Using the notation from the book, let $p_m(r,n)$ denote the probability of finding exactly $m$ cells empty when $r$ balls are randomly distributed among $n$ cells. Let $E_m(r,n)$ be the corresponding number of such distributions, so $E_m(r,n) = p_m(r,n)\cdot n^r$. Note that your formula for $p_m(r,n)$ is not correct because it assumes that the balls are indistinguishable and that all indistinguishable arrangements are equiprobable (Bose-Einstein statistics).
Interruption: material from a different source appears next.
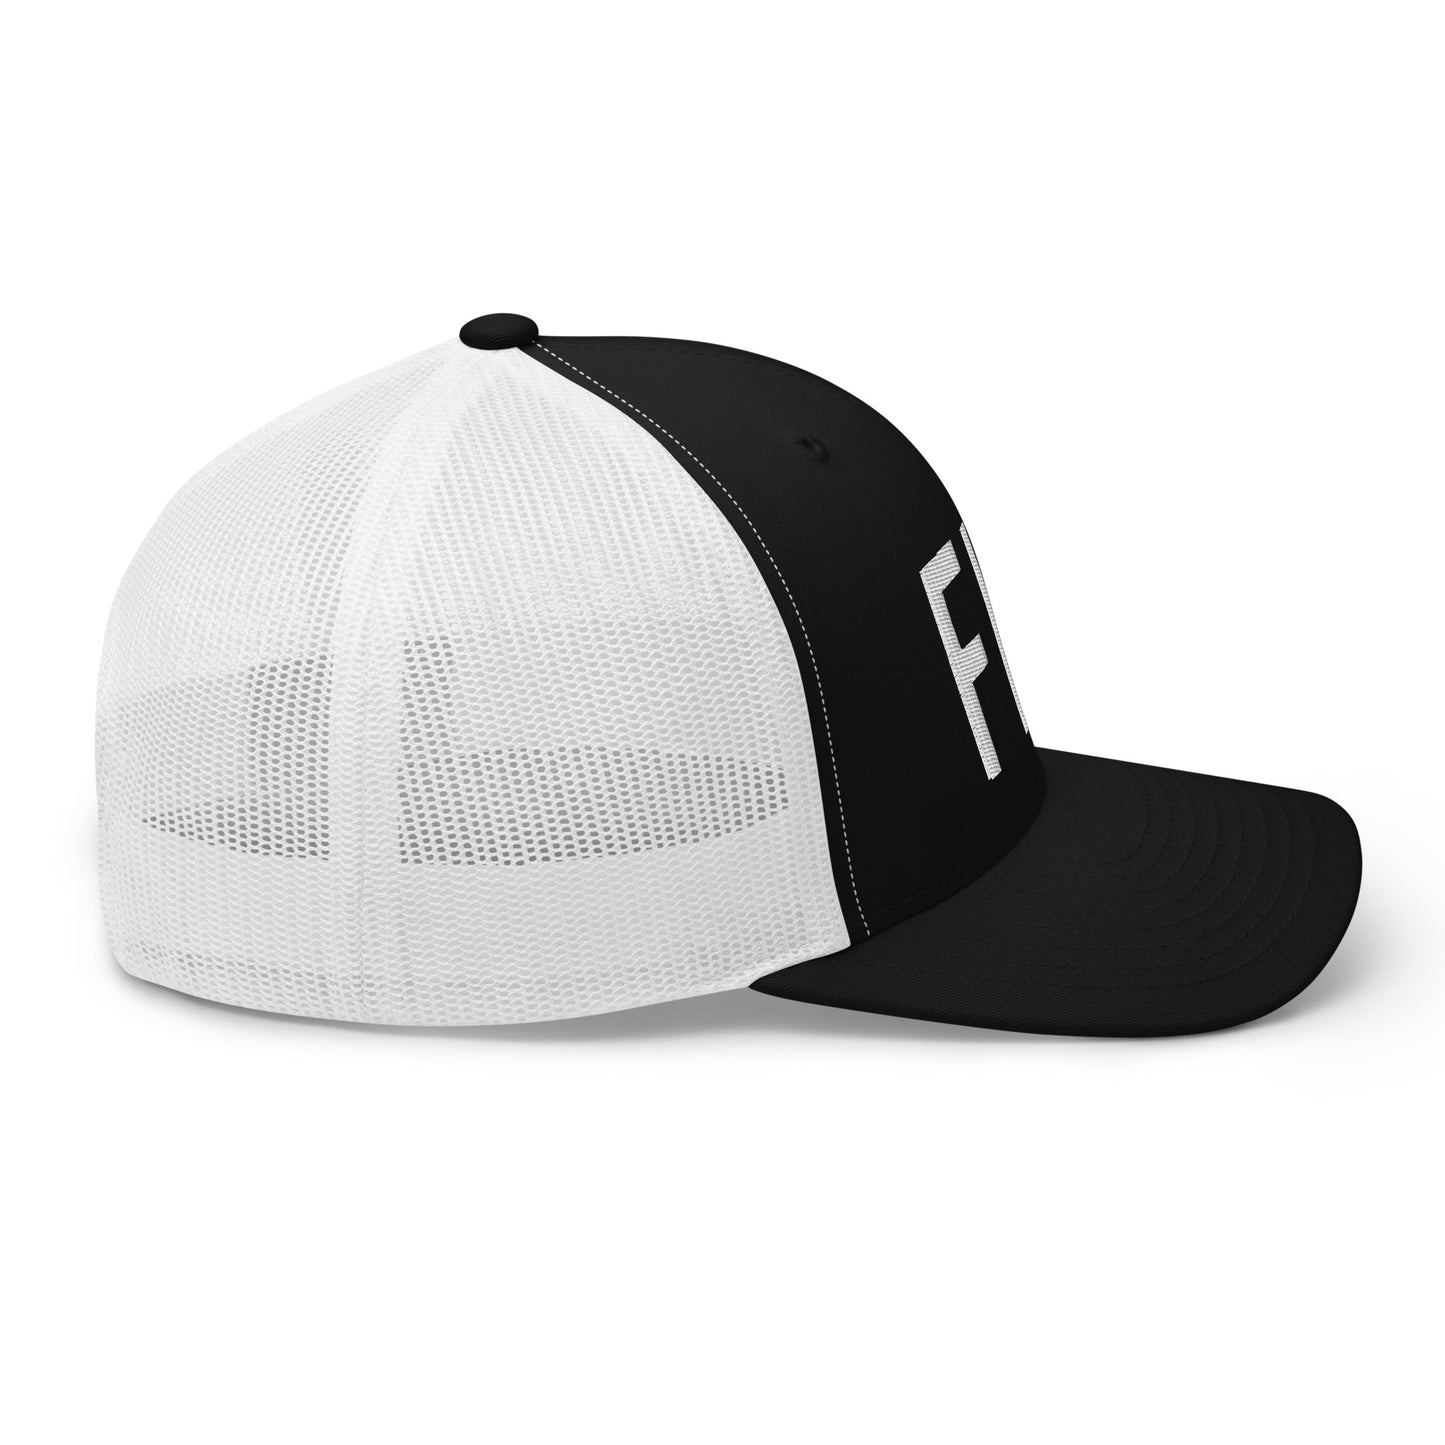 FLY - Butterfly Trucker Hat (w)

For this problem, the balls are distinguishable and all of the $n^r$ possible distributions of the balls among the cells are equiprobable (Boltzmann-Maxwell statistics).
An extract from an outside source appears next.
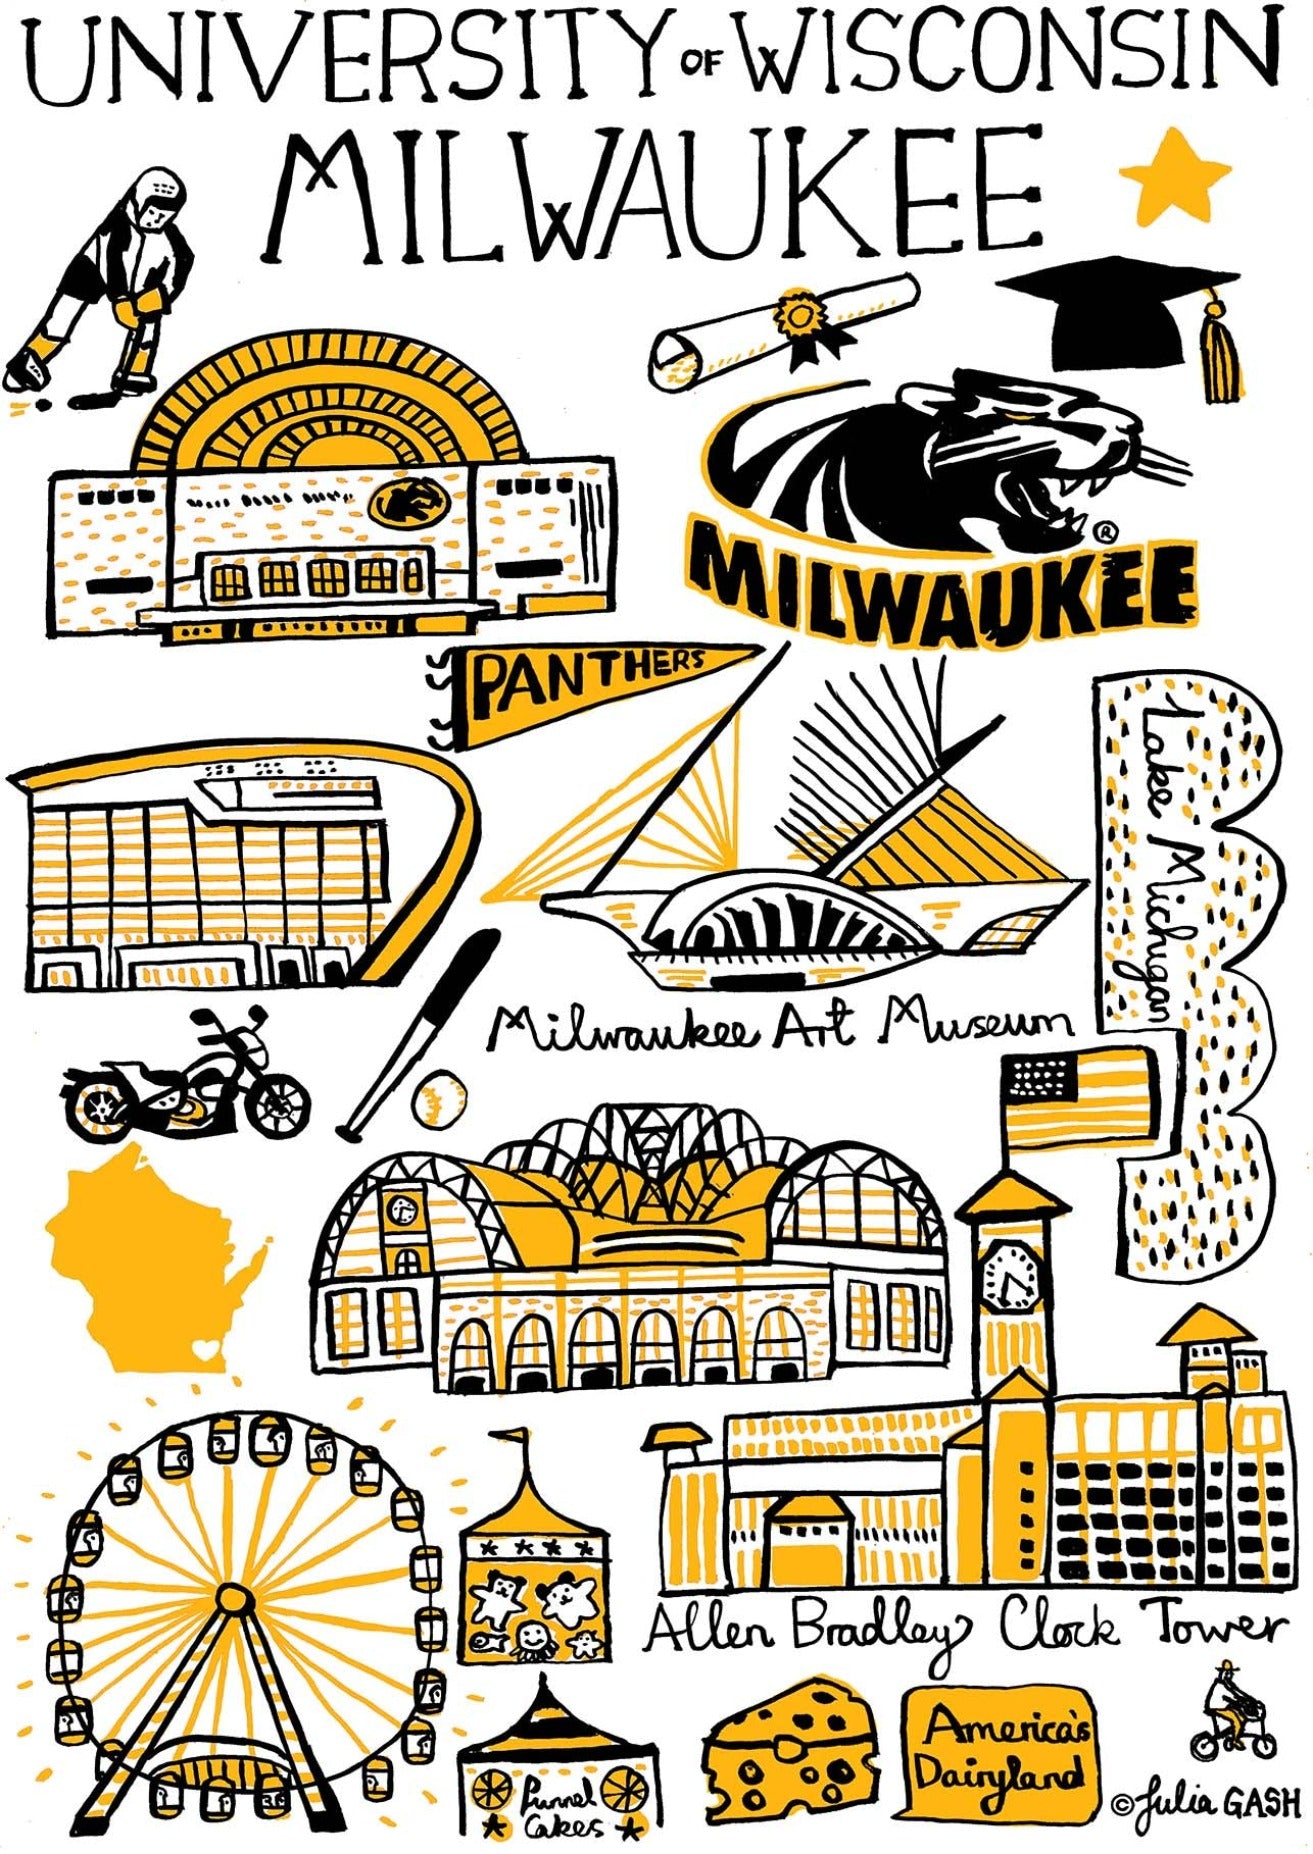 University of Washington - Milwaukee by Julia Gash

Let $M$ denote the number of empty cells in the process described in the problem. Then, \begin{align*} \dbinom{n}{m}e^{-\lambda m/n}\left(1-e^{-\lambda /n}\right)^{n-m}&=P(M=m) = \displaystyle\sum_{r=0}^\infty P(M=m,N=r)\\ &= \displaystyle\sum_{r=0}^\infty P(M=m|N=r)\cdot P(N=r)\\ & = \displaystyle\sum_{r=0}^\infty p_m(r,n)\cdot e^{-\lambda}\frac{\lambda^r}{r!}, \end{align*}
as desired.
(a) I am not entirely sure about the connection to moment-generating functions (MGFs) other than the fact that in the MGF, the $r^{th}$ moment is the coefficient of $\frac{s^r}{r!}$ and here, the corresponding coefficient is $p_m(r,n)\cdot e^{-\lambda}$. So I suppose you can say that $e^\lambda\cdot P(M=m)$ defines a MGF in $\lambda$ for a probability distribution whose $r^{th}$ moment is $p_m(r,n)$.
(b)
\begin{align*} \dbinom{n}{m}e^{-\lambda m/n}\left(1-e^{-\lambda /n}\right)^{n-m}&= \dbinom{n}{m}e^{-\lambda}e^{\left(\frac{n-m}{n}\right)\lambda}\left(1-e^{-\lambda /n}\right)^{n-m}\\ &= \dbinom{n}{m}e^{-\lambda}\left(e^{\frac{\lambda}{n}}\right)^{n-m}\left(1-e^{-\lambda /n}\right)^{n-m}\\ & = \dbinom{n}{m}e^{-\lambda}\left(e^{\lambda/n}-1\right)^{n-m}\\ & = \dbinom{n}{m}e^{-\lambda}\displaystyle\sum_{v=0}^{n-m}\dbinom{n-m}{v}(-1)^ve^{\lambda\left(\frac{n-m-v}{n}\right)} \end{align*}
Using the Taylor series $\displaystyle e^x = \displaystyle\sum_{r=0}^{\infty}\frac{x^r}{r!},$ we see that the coefficient of $\displaystyle e^{-\lambda}\frac{\lambda^r}{r!}$ in the last line above is given by $$p_m(r,n) = \dbinom{n}{m}\displaystyle\sum_{v=0}^{n-m}\dbinom{n-m}{v}(-1)^v\left(\frac{n-m-v}{n}\right)^r.$$
Multiplying by $n^r$ yields the desired formula for $E_m(r,n)$.